It started when I was 19 in my secret “Man book.” If you’ve ever had a diary dedicated to males, then you’ve also had a “Man Book”. I aimed to date 50 men in a year. 50 seemed like a reasonable amount of due diligence to test the dating pool and find my ideal mate. I aimed to document the dates and prove my theory. I wrote my theory in bold across two pages. It said:

“The man you want will want you too.”

This man mantra was to set me straight after years of being boy crazy and falling in love with boys who didn’t love me back. He will want you too. That’s how you’ll know, Lauren, that’s how you’ll know. 

But twenty years later and I was still researching my theory. It’s only true if you can’t disprove it, right? And how many times should you test a theory? A hundred? Ten years? Twenty? I think one life sentence is probably enough. Maybe? No, it is. My research phase concludes. 

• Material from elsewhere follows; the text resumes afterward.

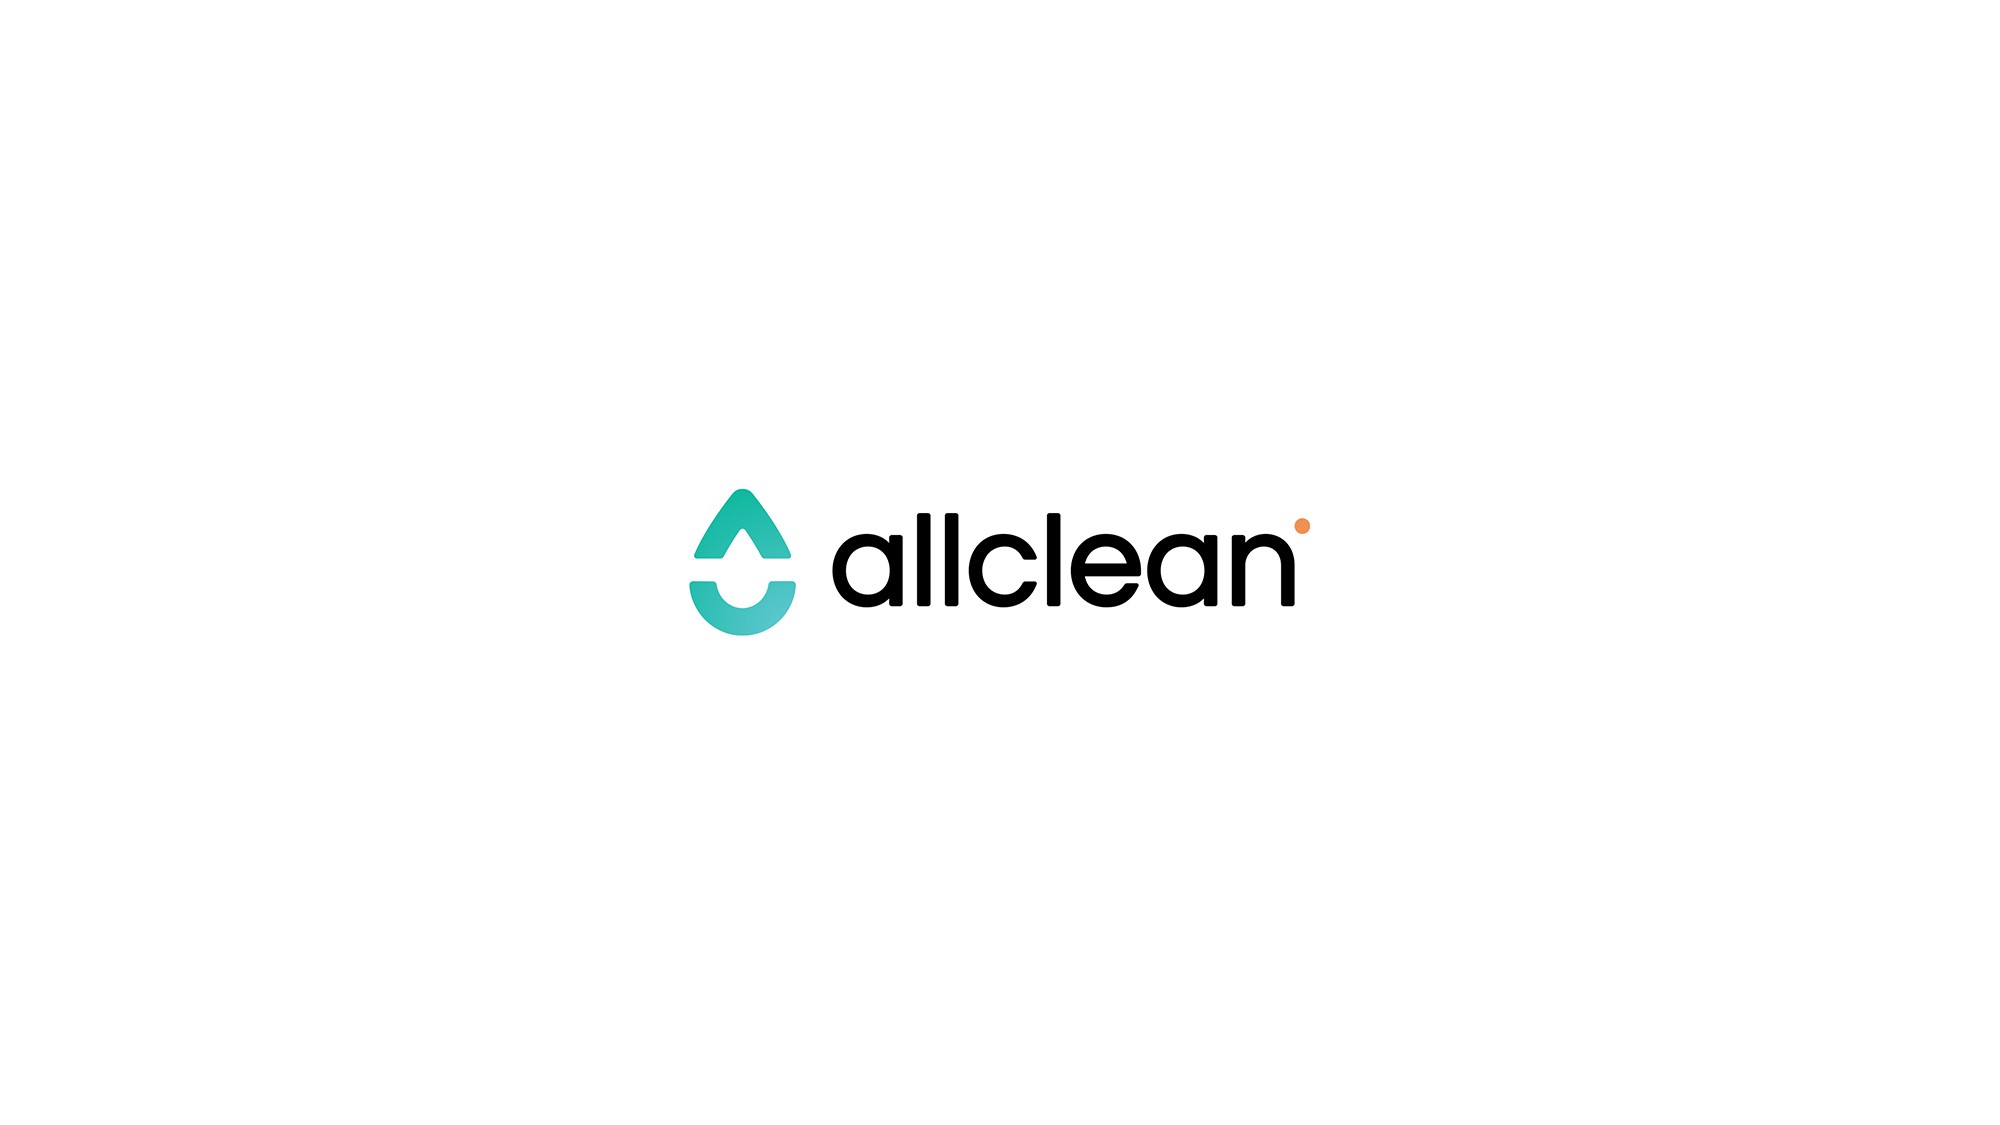 AllClean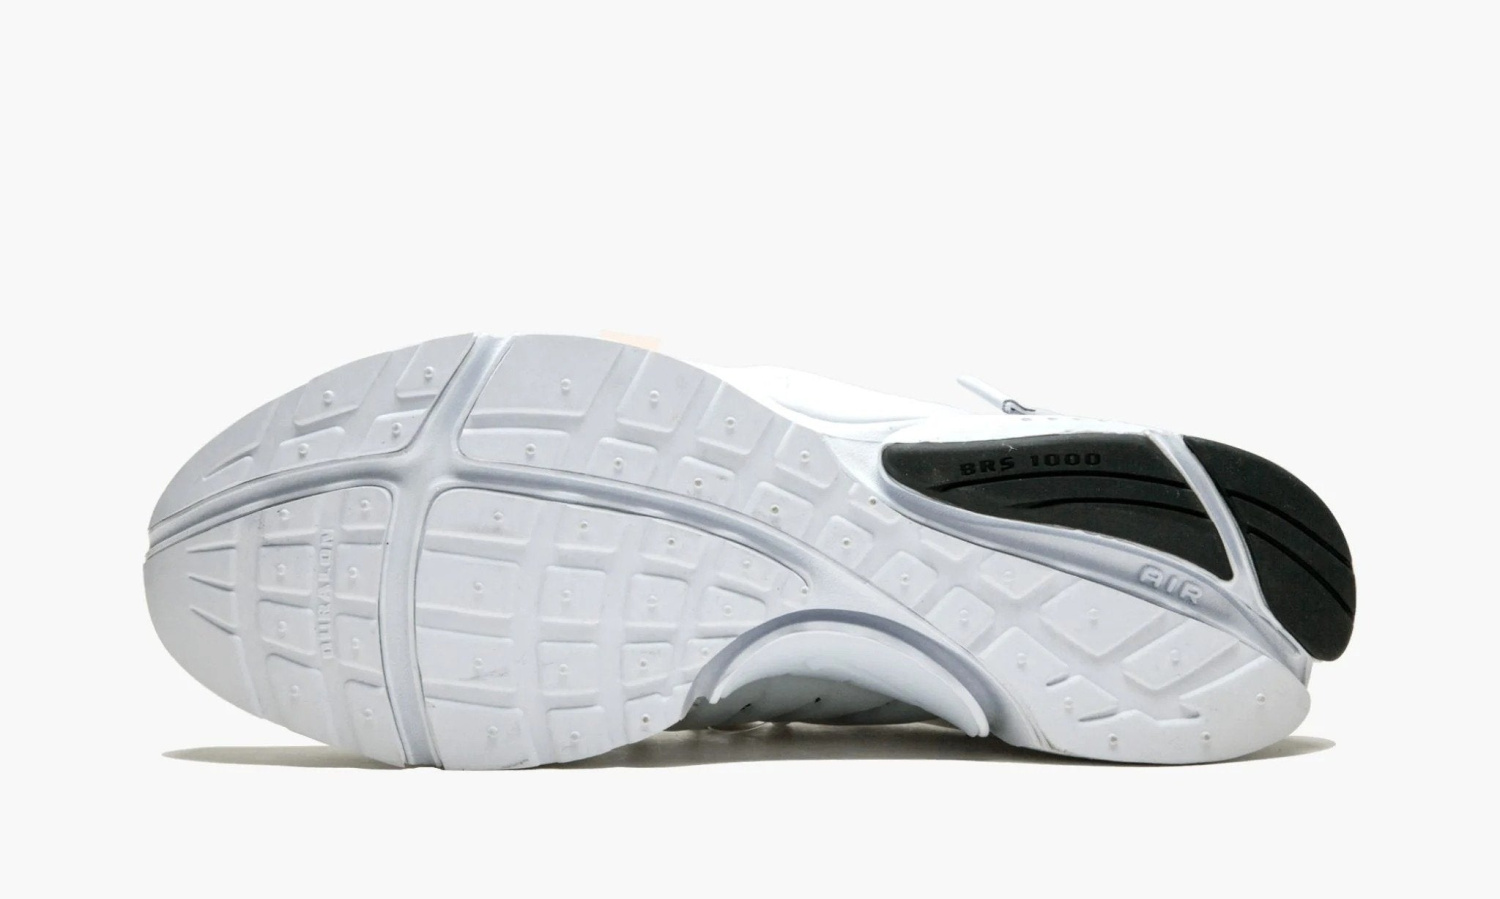 фото The 10 : Nike Air Presto “Off-White Polar Opposites White” (Nike Air Presto)-AA3830100

Lauren’s hypothesis is, in fact, not true. 

The man I want will not want me back.

I will want him. 

And all the men who want me, I will not want. No thanks, next. 

Men were interchangeable. The result? The same.

Welcome to the awkward diary of a love addict.

In 20 years, I’ve dated hundreds of men. And I’ve written about it online. When I was 19, I wrote about my dating experiment as the resident “Man Eater” for Student Life Magazine. I thought it was super cool to be a South African Carrie Bradshaw in my very own Sex in the City life. Very Hollywood.

I did a stint as the agony aunt, “Pussy Galore” and even went onto a TV show in a Queen Elizabeth mask to answer dating questions. I didn’t like the sexual connotation of that name, so hiding inside a mask felt comfortable. You can look at me, as long as you don’t know it’s really me inside this mask. I’ve always blended the lines of public and personal personas. There’s no better place to hide than in the spotlight, whether that’s the stage or screen. But writing has always been a way out for me. Seeing all my messy thoughts and feelings in black and white gave an order to the chaos. But when FHM magazine offered me the writing job as a sex columnist, I drew the line. I happily modeled for them, topless in a thong (more on that another time), but writing about sex? What would people think?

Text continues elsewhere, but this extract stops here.